INTRODUCTION
All you need is love.
Love is a many splendored thing.
Love makes the world go ’round.
ALL RIGHT. So all of those statements are true. And yet none even begin to describe what love truly is. Love is simply one of those words that means entirely different things to different people. I’ve known this for years. Anyone who listens to rock ’n’ roll as obsessively as I do understands that love is a contradiction all by itself—elusive, fleeting, transitory, all-consuming, endless, explosive, unavoidable, and necessary.
Still, when I put out a call for submissions with the vague theme of “Amour,” I found myself surprised by the range of love affairs that writers conjured. From Tsaurah Litzky’s “Sharing the Love,” which deals with a risqué three-way between two committed partners and their longtime friend to Jolene Hui’s “Parker’s Mustache,” which focuses on a love of facial hair (facial hair belonging to the narrator’s brother-in-law), these creative authors showed me the love in completely unexpected ways.

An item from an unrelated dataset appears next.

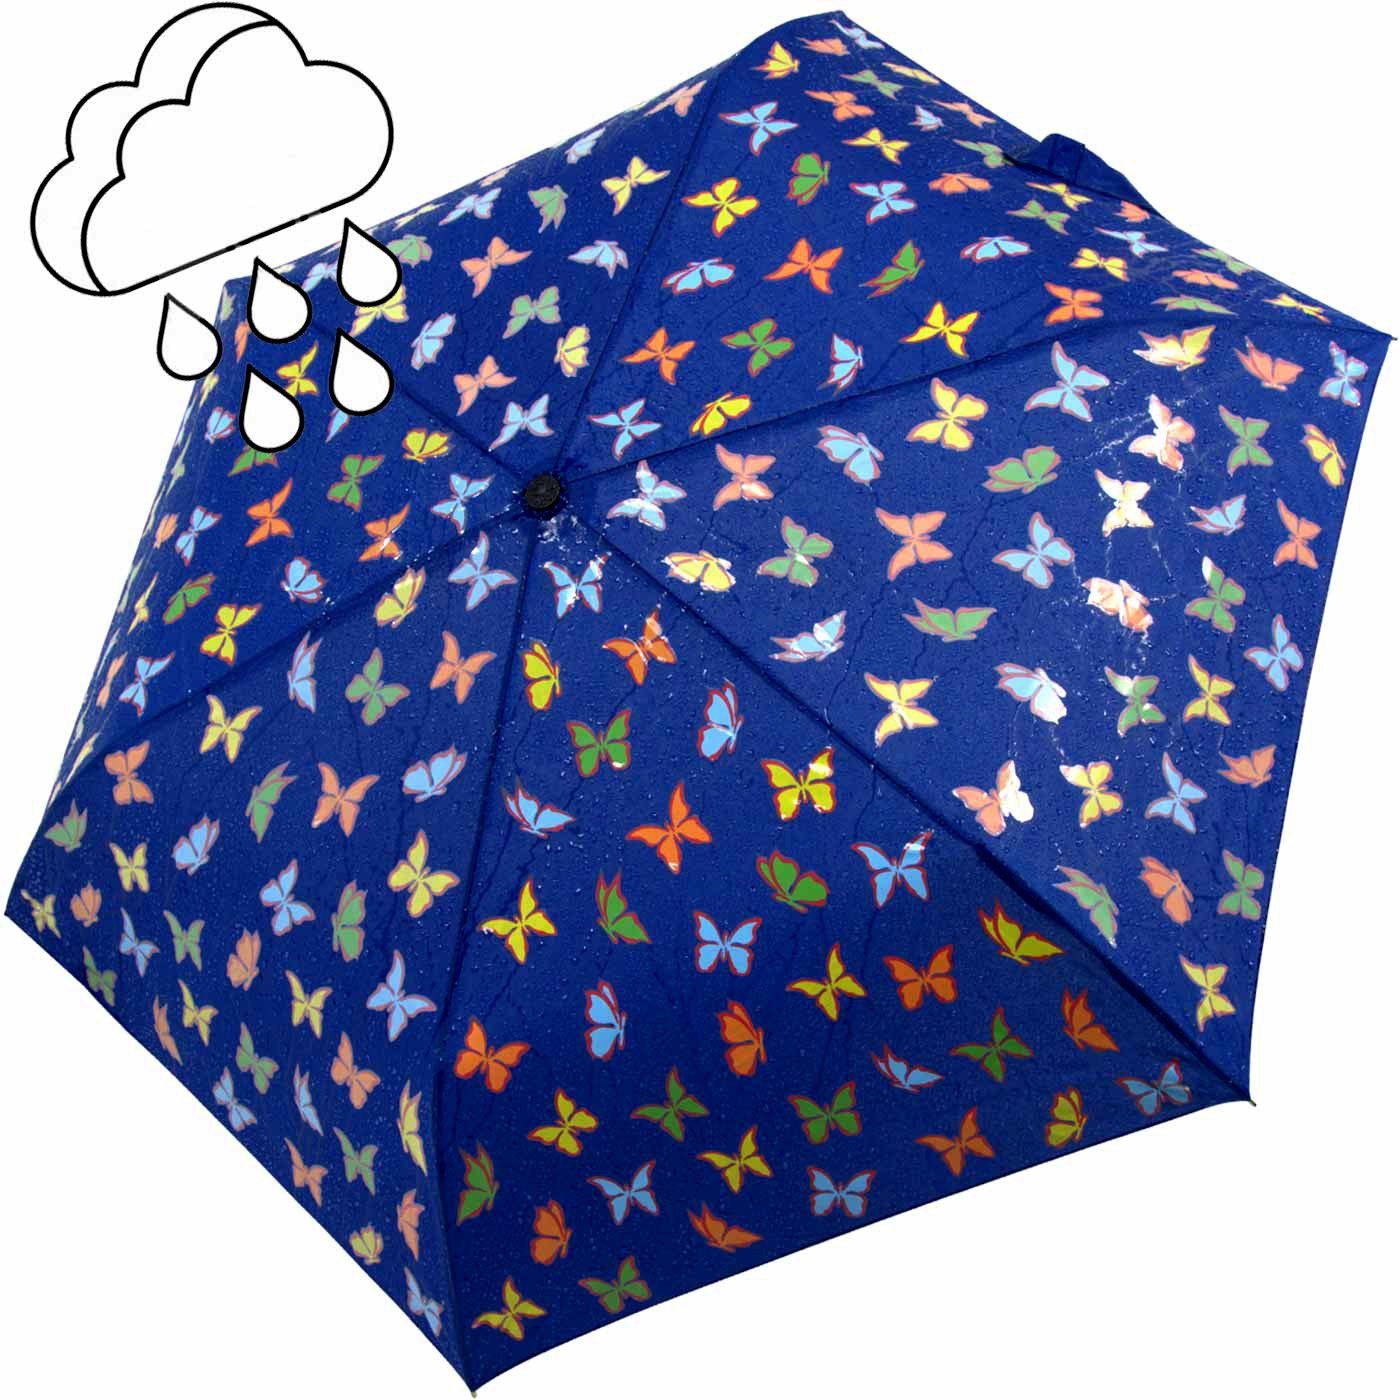 Nässe Wet Taschenregenschirm - Print Motiv, mit Schmetterlinge iX-brella Farbänderung bei Kinderschirm Mini iX-brella

Love is longing in Saskia Walker’s “Arran’s Lure”: “‘Face it, girl, you’ve got it bad,’” she murmured…. And the worst of it was that it hurt. Hurt bad. Being in love was a screwed-up painful thing, if you were apart from the one you loved.”
Love is lust in Radclyffe’s “All about Us”: “When I skimmed her nipples, already puckered and hard, she moaned and jacked me faster.
“ ‘You don’t want to do that so hard, baby,’ I warned breathlessly. ‘Not unless you want me to come in my pants right now.’”
Love is blind, blind enough to make Cleveland seem like Paris, as in “Le Petit Déjeuner” by Jeremy Edwards: “When no one is looking, we refer to the immediate neighborhood as the arrondissement. The bookshelves are sprinkled with Balzac and Asterix. Unassuming Rhône wines haunt the kitchen counter, echoing the mood of the lazy still life that freshens the living room with flowers and peaches.”
These stories approach love from all angles. The downside. The upside. The wanting so bad you can’t sleep. Which is when A Is for Amour comes in handy. Flick on your bedside lamp. Crack the spine. And get ready to fall in love.